Type out the whole listing again exactly, pictures omitted.

Recorded data section start

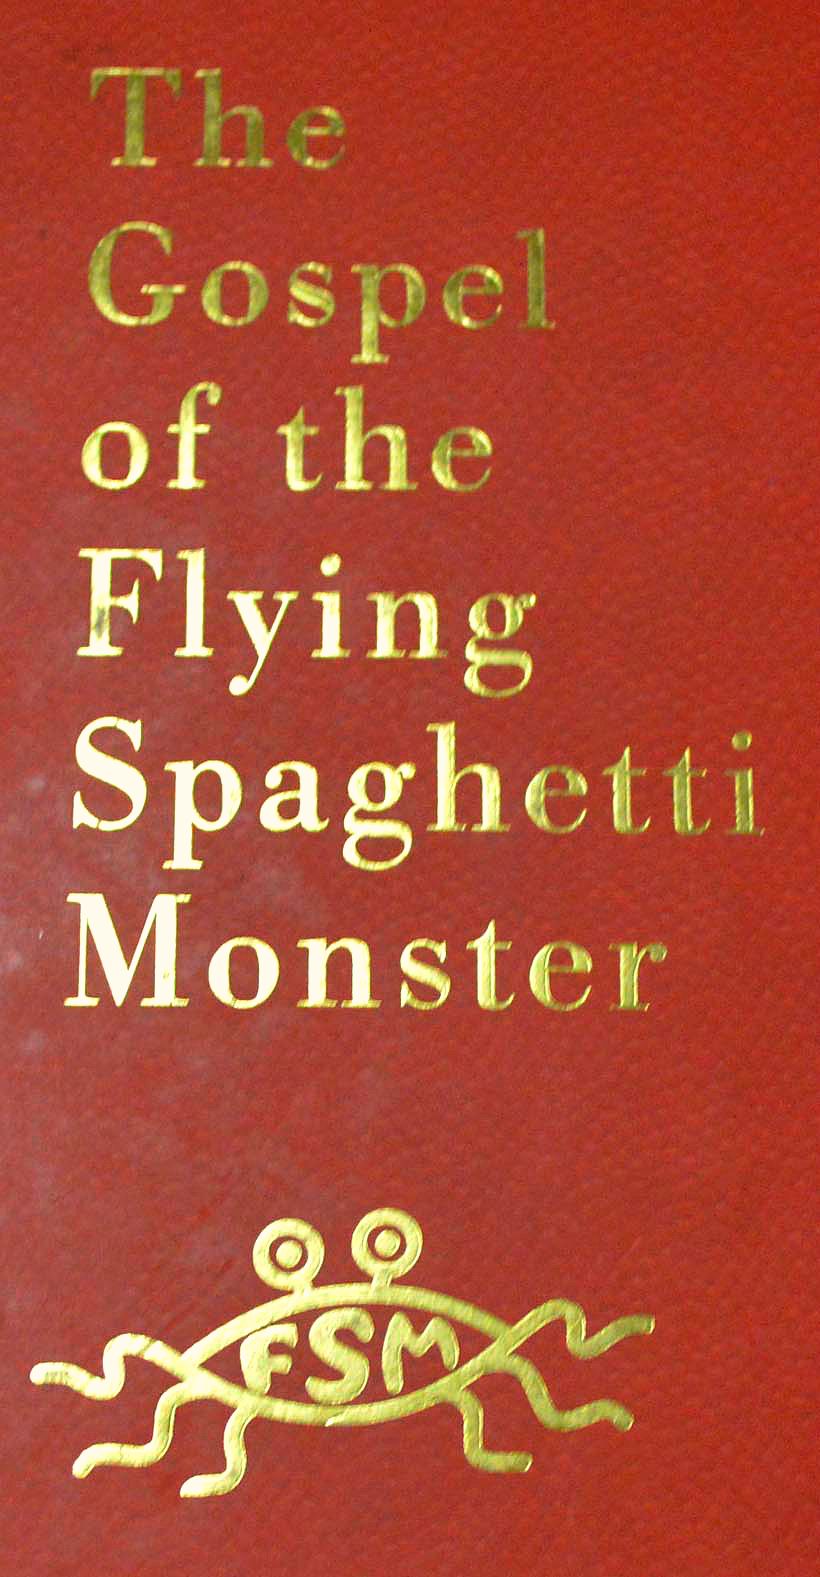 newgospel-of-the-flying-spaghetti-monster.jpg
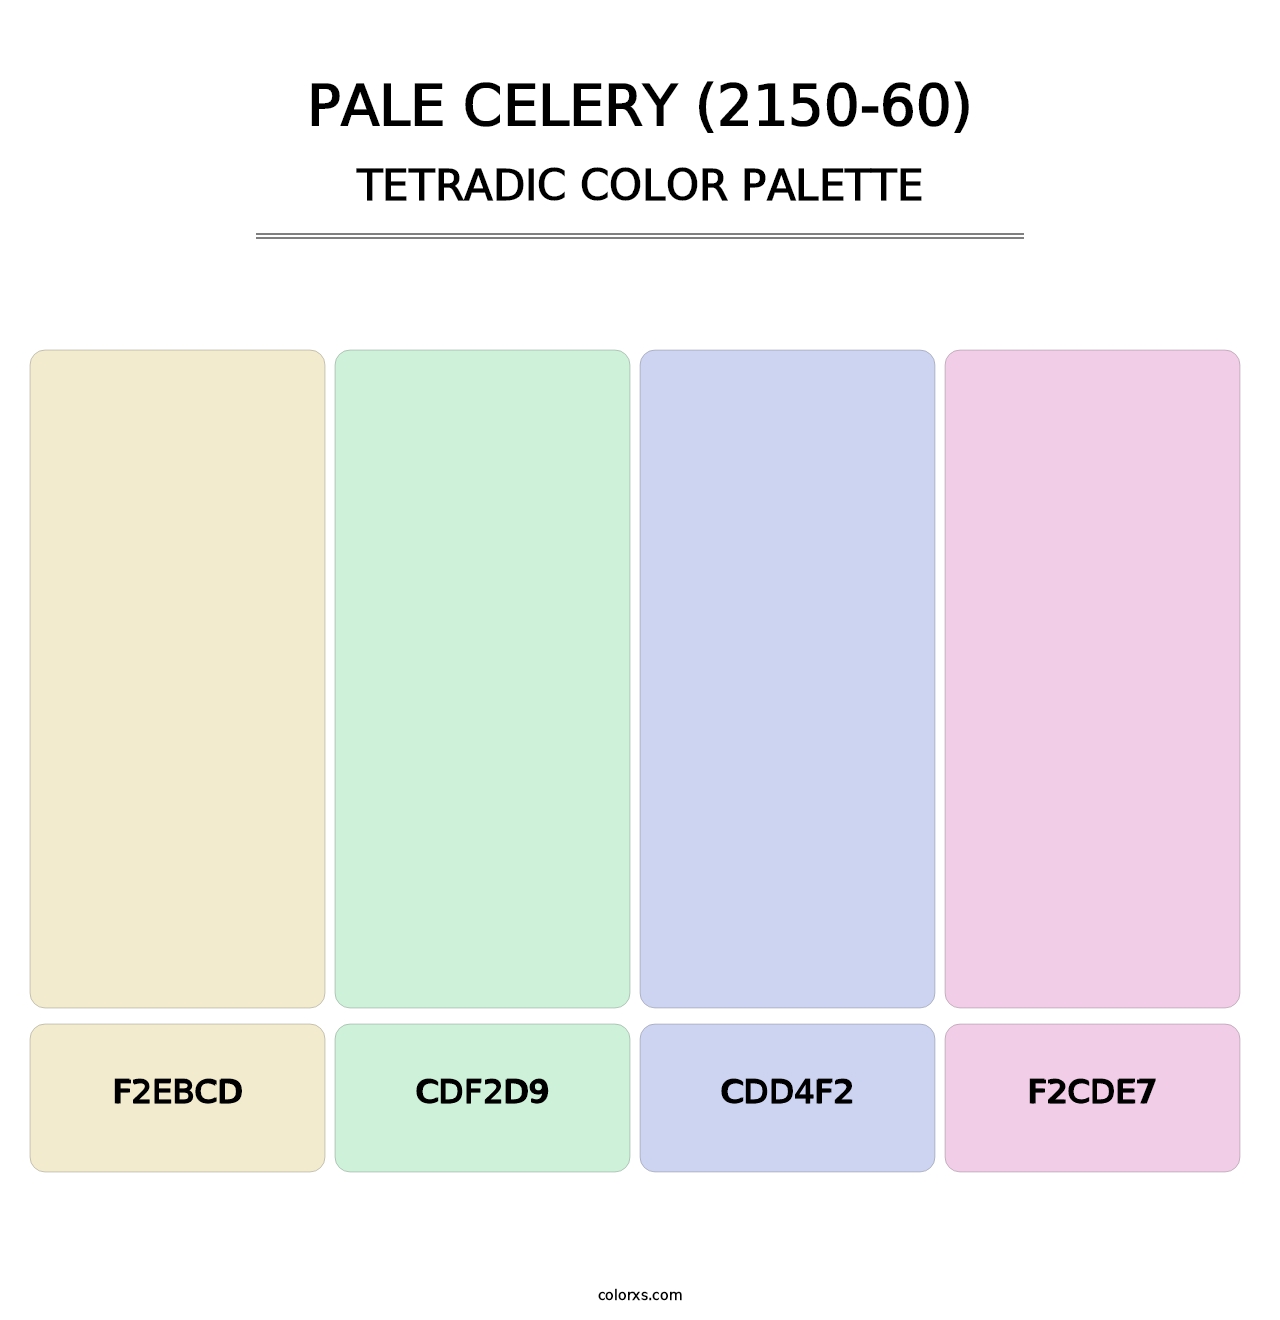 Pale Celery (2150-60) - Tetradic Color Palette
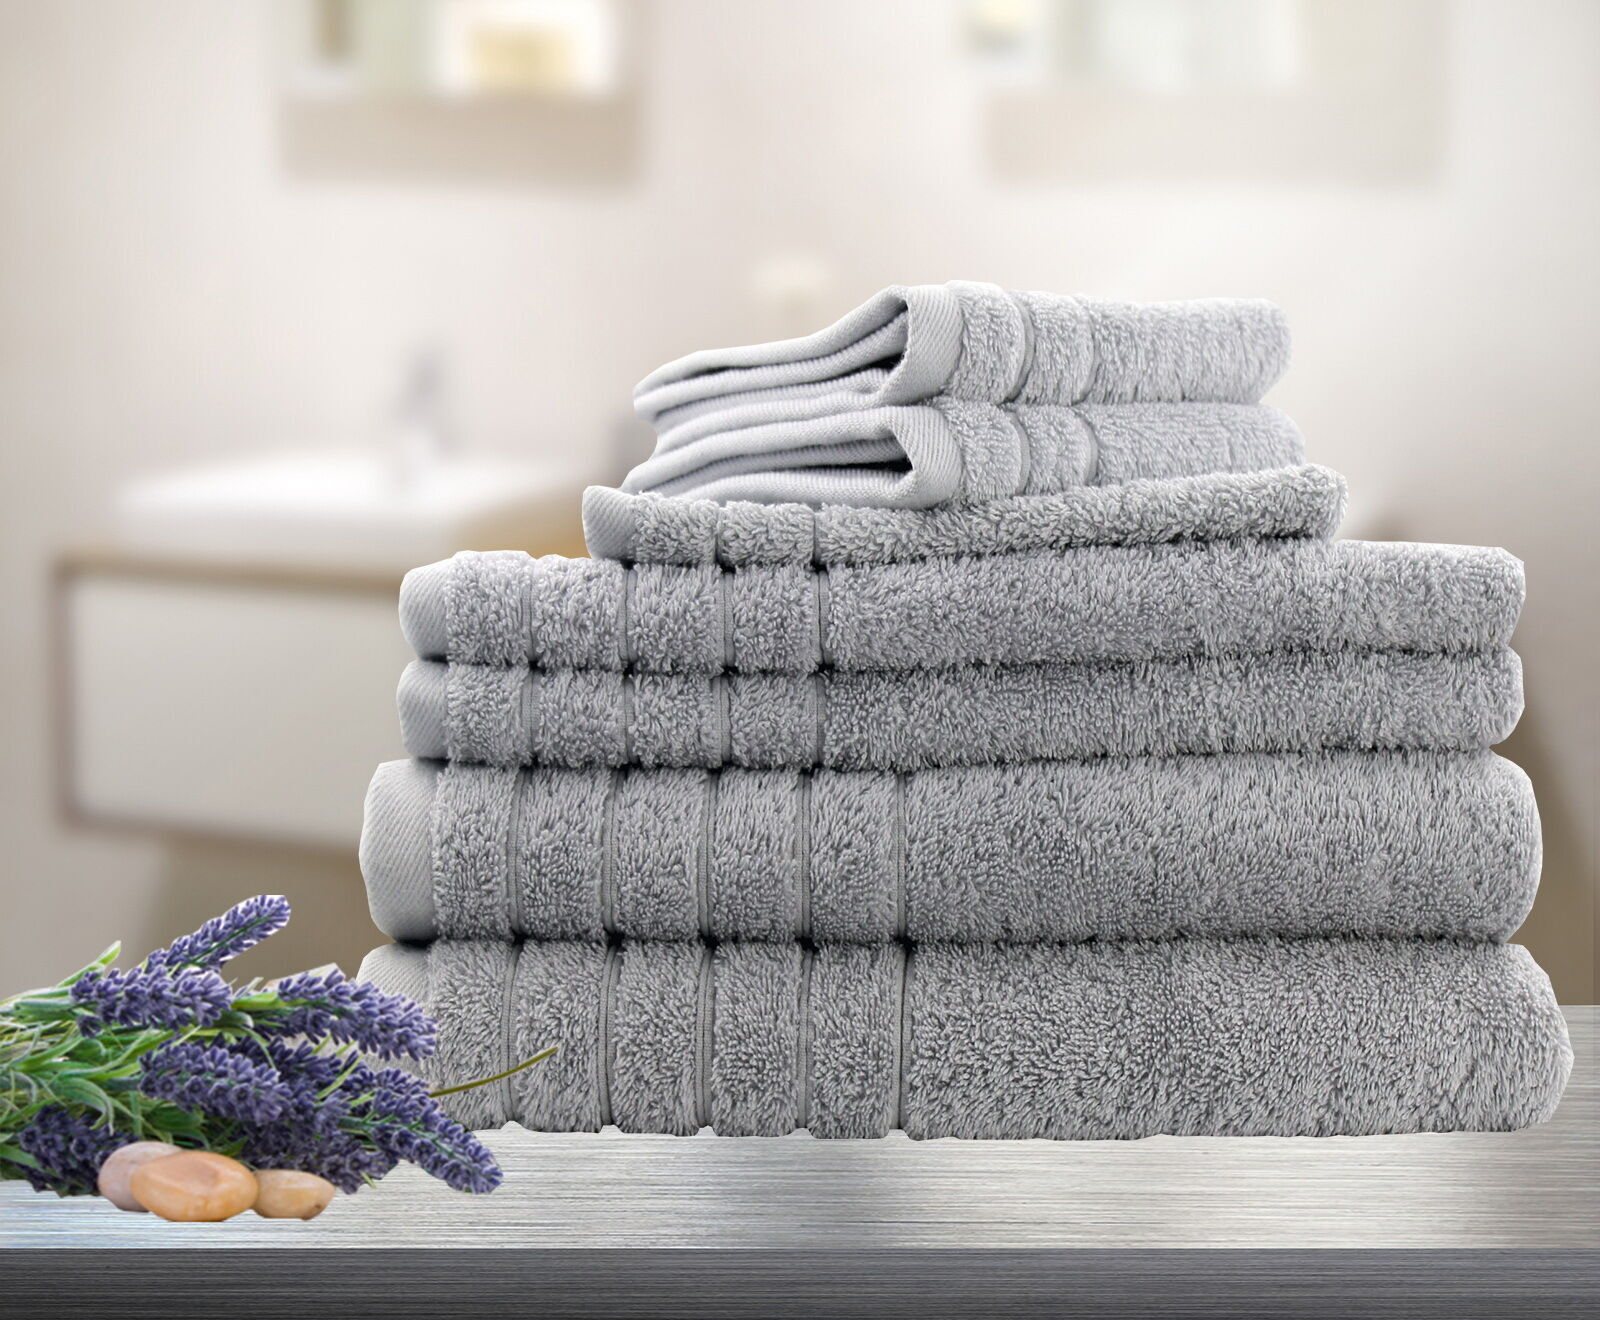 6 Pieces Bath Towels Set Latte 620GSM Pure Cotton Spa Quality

Recorded data section end

Output for this task:
 newgospel-of-the-flying-spaghetti-monster.jpg
 Pale Celery (2150-60) - Tetradic Color Palette
 6 Pieces Bath Towels Set Latte 620GSM Pure Cotton Spa Quality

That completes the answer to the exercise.